Percentage of cutaneous and muscle afferents expressing TRP channels and GFRα receptors

GFRα1 and GFRα2 are expressed at high levels in both cutaneous and muscular afferents, and it appears that, in a majority of cutaneous neurons, they are coexpressed as well. In both cutaneous and muscle afferents, a significant number of GFRα1 neurons express TRPV1. TRPA1 is expressed in a minority of GFRα1 cutaneous and muscle afferents. Although GFRα2 is expressed in a smaller percentage of muscle afferents compared with cutaneous afferents, a greater percentage of muscle GFRα2-expressing afferents express TRPA1.

Many of the cutaneous afferents potentiated by NGF showed barely detectable calcium signals in response to the first mustard oil application; only after exposure to NGF did they exhibit clear responses. Mustard oil responses from muscle and colon neurons were nearly identically affected by exposure to all growth factors tested, with the exception of GDNF, which elicited a greater magnitude of response in colon neurons (5.2 ± 1.1-fold increase in ΔFarea) than in muscle neurons (3.6 ± 0.9). Interestingly, growth factor-induced increases in response magnitude were twofold to fourfold greater for TRPA1 than for TRPV1 in both muscle and colon neurons. Together, these data not only support previous evidence of growth factor potentiation of TRP channel function, they also illustrate the importance of considering the peripheral target when analyzing growth factor effects on sensory neurons, as these vary markedly between skin, muscle, and colon afferent populations (Malin et al., 2006).

To confirm the receptor specificity of the growth factor actions, we tested ARTN-induced potentiation in DRGs from mice containing a null mutation in GFRα3 (Honma et al., 2002). Both capsaicin and mustard oil responses were less prevalent among sensory neurons isolated from GFRα3−/− mice (supplemental Fig. 1A,B, available at www.jneurosci.org as supplemental material). The magnitude of mustard oil response was also reduced in this genetic background, compared with wild-type mice (data not shown). As expected, ARTN did not potentiate capsaicin or mustard oil responses remaining in neurons lacking GFRα3; however, NGF potentiation of both TRPV1 and TRPA1 remained unchanged in GFRα3−/− neurons (supplemental Fig. 1C–F, available at www.jneurosci.org as supplemental material).

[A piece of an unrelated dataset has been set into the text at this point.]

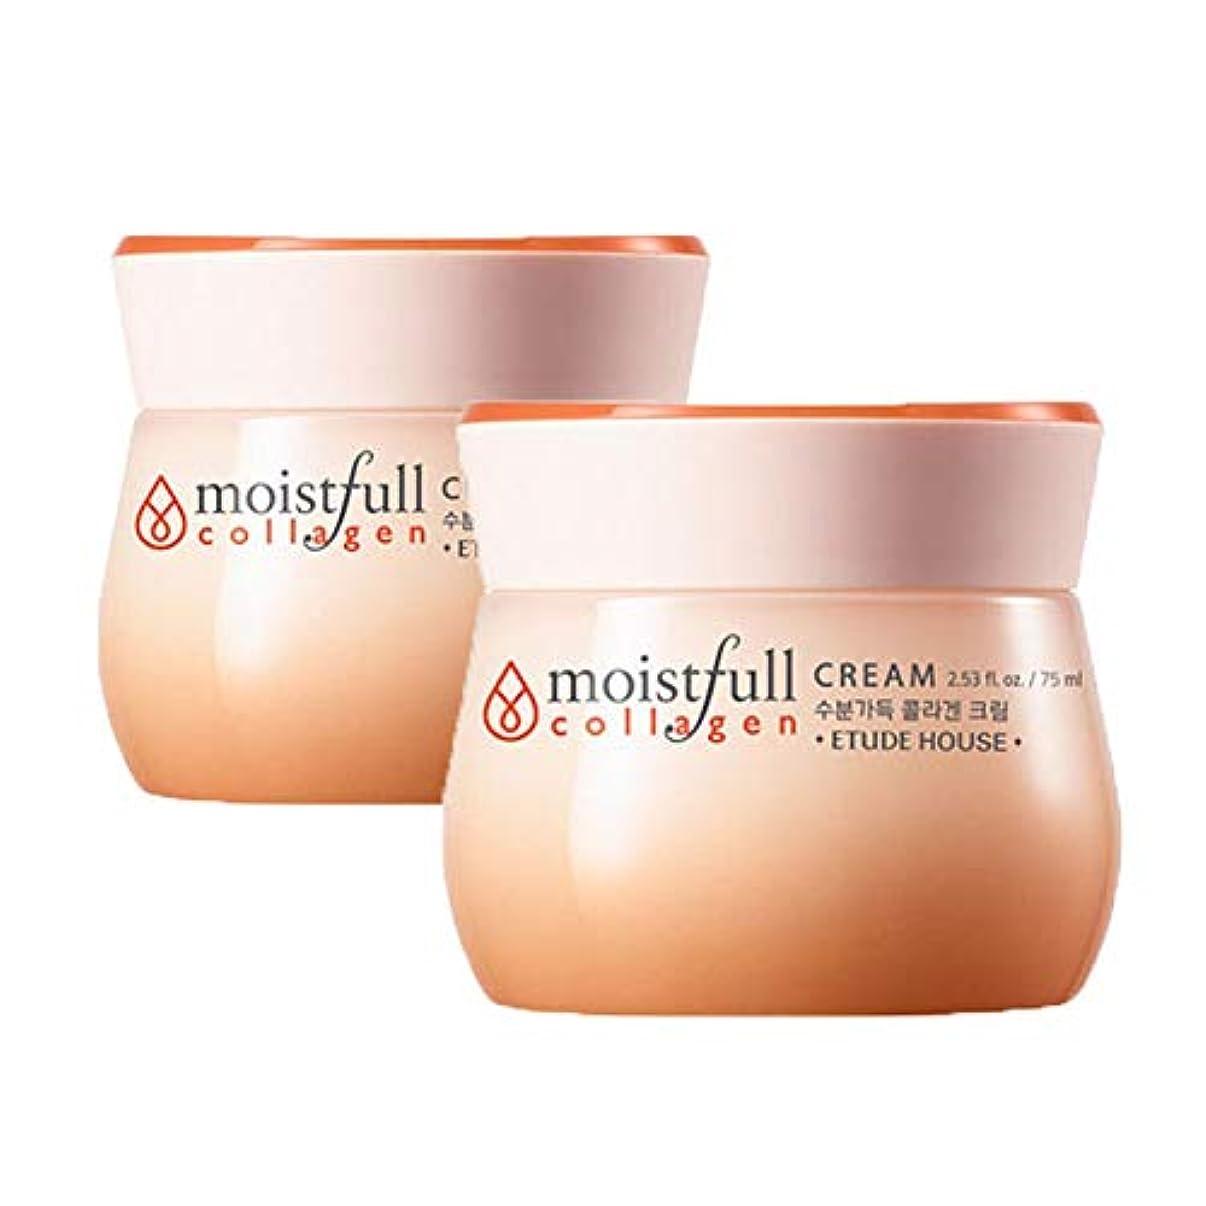 削減手ヘビエチュードハウス水分いっぱいコラーゲンクリーム 75mlx2本セット韓国コスメ、Etude House Moistfull Collagen Cream 75ml x 2ea Set Korean Cosmetics [...

Target-specific afferents respond to different combinations of growth factors

Previous studies have demonstrated that sensory neurons commonly express multiple growth factor receptors and are therefore responsive to more than one growth factor, the expression of which is largely target dependent and can be greatly increased or decreased in pathological states (Fig. 1). To determine the breadth of growth factor responsiveness of target-identified afferents, skin, muscle, and colon neurons were sequentially tested with all possible pairs of the four growth factors tested above (NGF, ARTN, NRTN, and GDNF) to evaluate their ability to potentiate capsaicin or mustard oil responses. No coverslip was tested with more than two growth factors and 30 min were allowed to elapse between growth factor applications, as we have previously demonstrated this interval sufficient to negate the effects of the first growth factor (Malin et al., 2006).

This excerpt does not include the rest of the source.